Coyne Brendan M, Ito Danielle, Tariq Anam, Lew Susie Q, Kopp Jeffrey, Vinales Patricia Centron, Malik Fahim, Gipson Patrick E, Nobakht Ehsan
George Washington School of Medicine and Health Sciences, Washington, DC, United States.
Department of Biological Sciences, University of California, Irvine, Irvine, CA, United States.
Front Med (Lausanne). 2025 Jun 9;12:1568943. doi: 10.3389/fmed.2025.1568943. eCollection 2025.
Since its first reported case in December 2019, COVID-19 disease, caused by severe acute respiratory coronavirus 2 (SARS-CoV-2), evolved into a major pandemic throughout the world. Although COVID-19 is most often characterized as a respiratory pathology, there are also extensive reports of renal complications, such as glomerulonephritis (GN). However, the precise nature of COVID-associated glomerulonephritis (COVID-GN) has yet to be fully understood. This review seeks to elucidate COVID-GN pathophysiology by conducting an exhaustive systematic review.
Herein, we compare the different GN subtypes associated with COVID-19 in the literature. We also review the cytokines, antibodies, and genes most implicated in COVID-GN.
The GN subtype with the highest number of cases associated with COVID-19 infection was focal segmental glomerulosclerosis, specifically the collapsing morphology. Meanwhile, the highest number of cases associated with COVID-19 vaccination was IgA nephropathy. The most prevalent mechanism in the literature for COVID-GN involves a cytokine storm, which may be accompanied by immune complex deposition.
Both infection and vaccination from SARS-CoV-2 can induce robust CD4+ T cell responses promoted by an IL-6 amplifier loop of inflammation. This immune response is likely further enhanced by interactions with complement systems and the renin-angiotensin-aldosterone system (RAAS). SARS-CoV-2-mediated pathways of both direct cytotoxicity and stimulation of polyclonal immunoglobulin may converge to cause glomerular inflammation and injury. Further investigation of these inflammatory pathways may provide insight into COVID-19 pathophysiology, treatment, and long-term outcomes.

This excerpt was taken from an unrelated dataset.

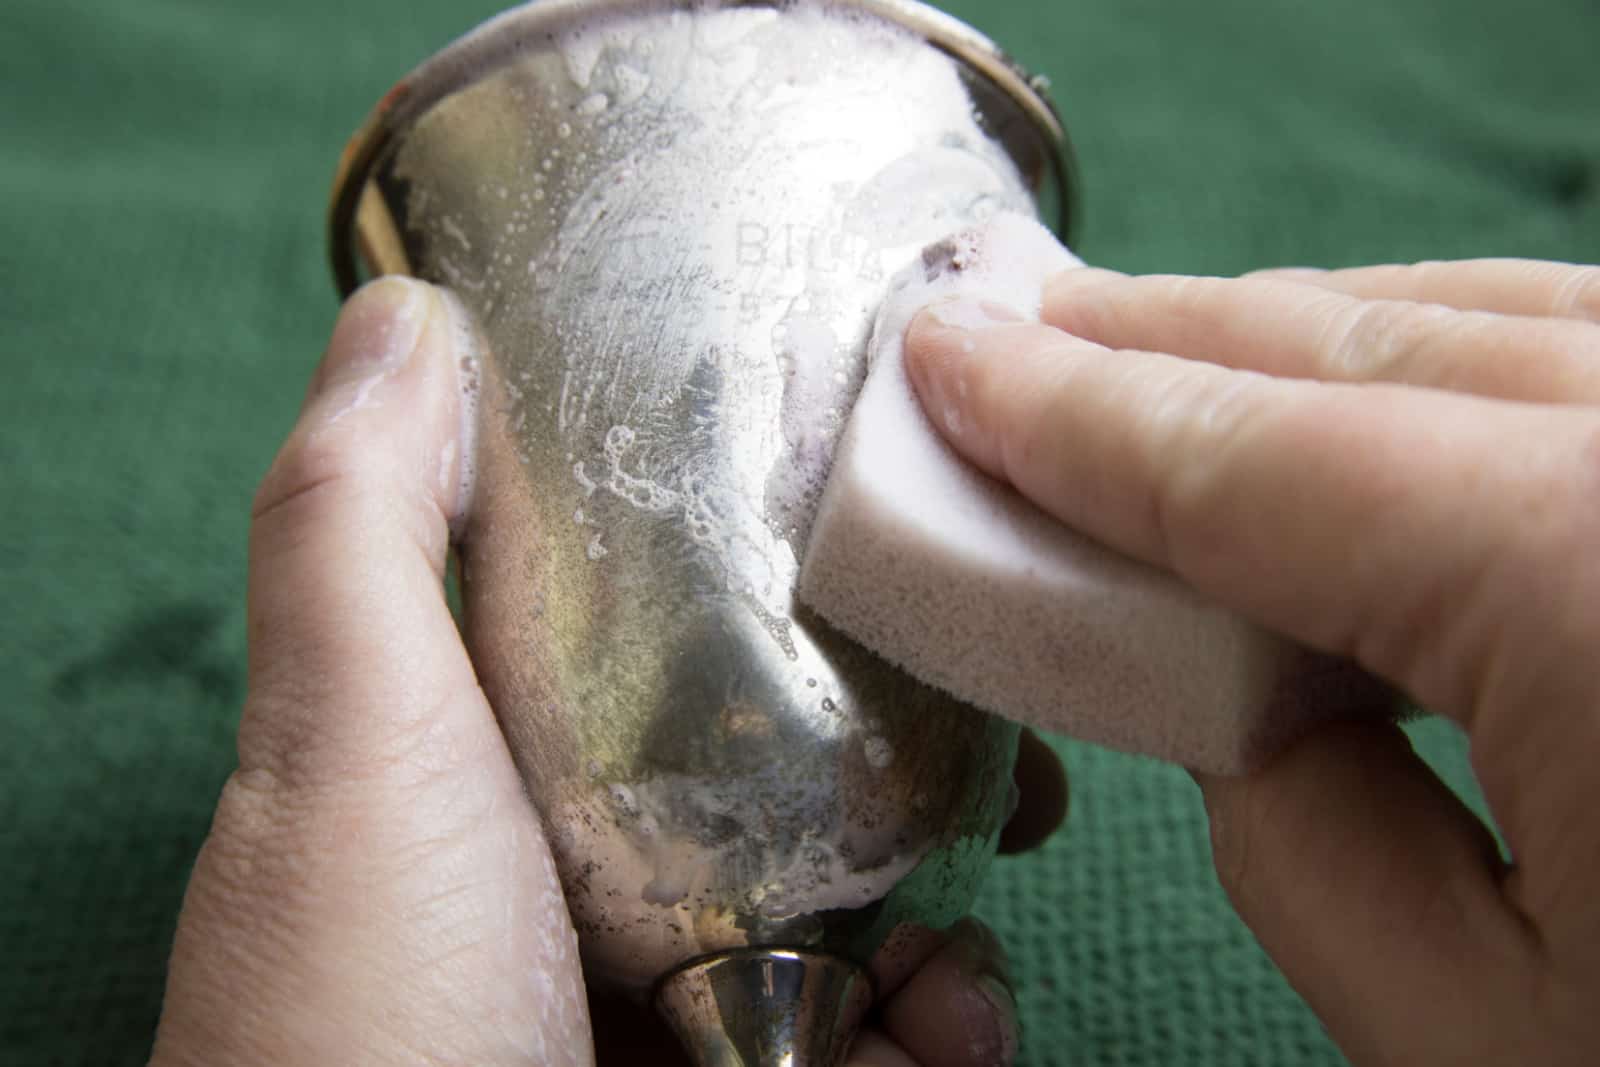 Close up of woman's hands using sponge to polish tarnish off silver goblet.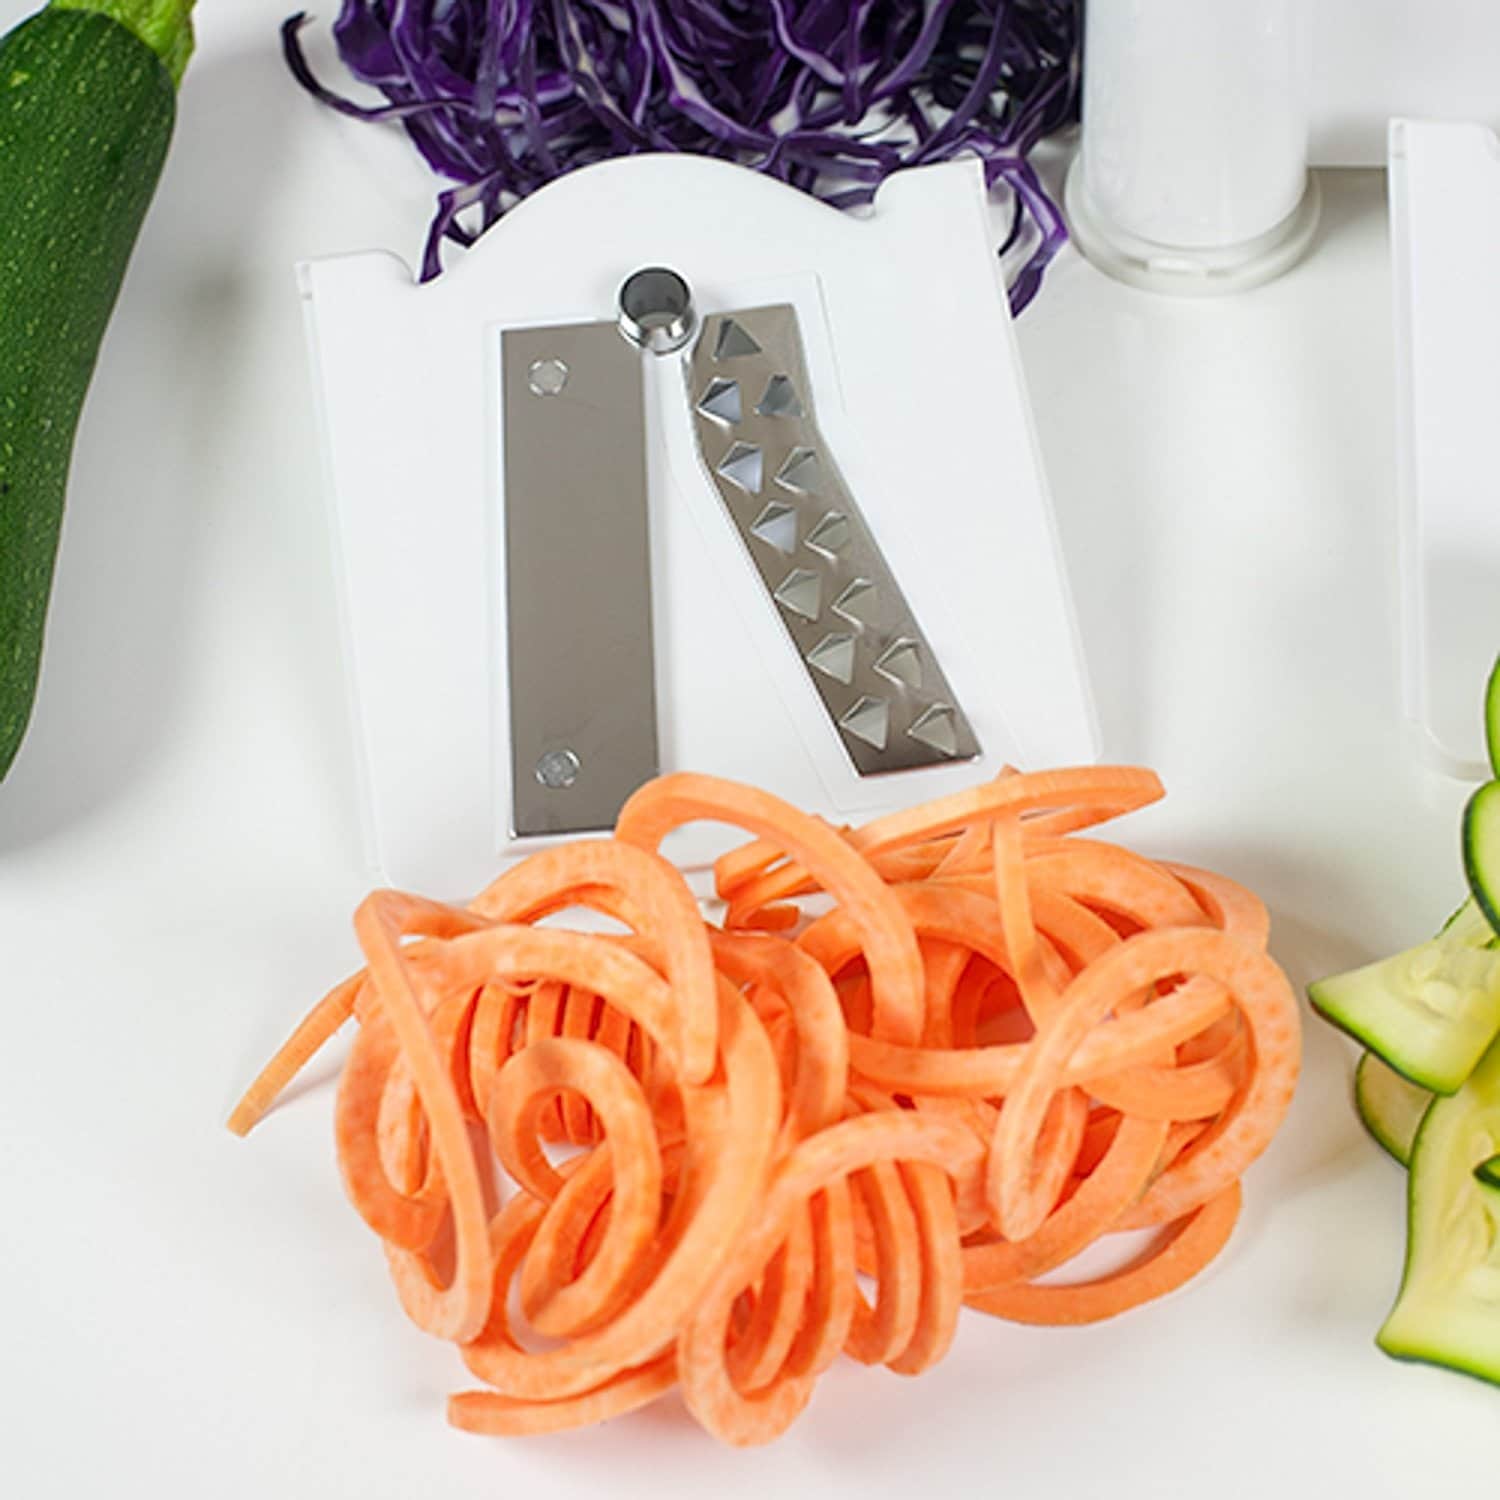 https://ak1.ostkcdn.com/images/products/is/images/direct/79b287e1fabe5a6fb09eb3470cce4f95f1976b7b/Paderno-World-Cuisine-Tri-Blade-Vegetable-Spiralizer-Slicer.jpg

自2019年12月首次报告病例以来,由严重急性呼吸综合征冠状病毒2(SARS-CoV-2)引起的2019冠状病毒病已演变成一场全球大流行。尽管2019冠状病毒病通常被认为是一种呼吸道疾病,但也有大量关于肾脏并发症的报道,如肾小球肾炎(GN)。然而,与2019冠状病毒病相关的肾小球肾炎(COVID-GN)的确切性质尚未完全明确。本综述旨在通过进行详尽的系统评价来阐明COVID-GN的病理生理学。
在此,我们比较了文献中与2019冠状病毒病相关的不同GN亚型。我们还综述了与COVID-GN关系最为密切的细胞因子、抗体和基因。
与2019冠状病毒病感染相关病例数最多的GN亚型是局灶节段性肾小球硬化,特别是塌陷型。同时,与2019冠状病毒病疫苗接种相关病例数最多的是IgA肾病。文献中COVID-GN最常见的机制是细胞因子风暴,可能伴有免疫复合物沉积。
SARS-CoV-2感染和疫苗接种均可诱导由炎症的IL-6放大环促进的强烈CD4+T细胞反应。这种免疫反应可能通过与补体系统和肾素-血管紧张素-醛固酮系统(RAAS)的相互作用而进一步增强。SARS-CoV-2介导的直接细胞毒性和多克隆免疫球蛋白刺激途径可能共同导致肾小球炎症和损伤。对这些炎症途径的进一步研究可能有助于深入了解2019冠状病毒病的病理生理学、治疗方法和长期预后。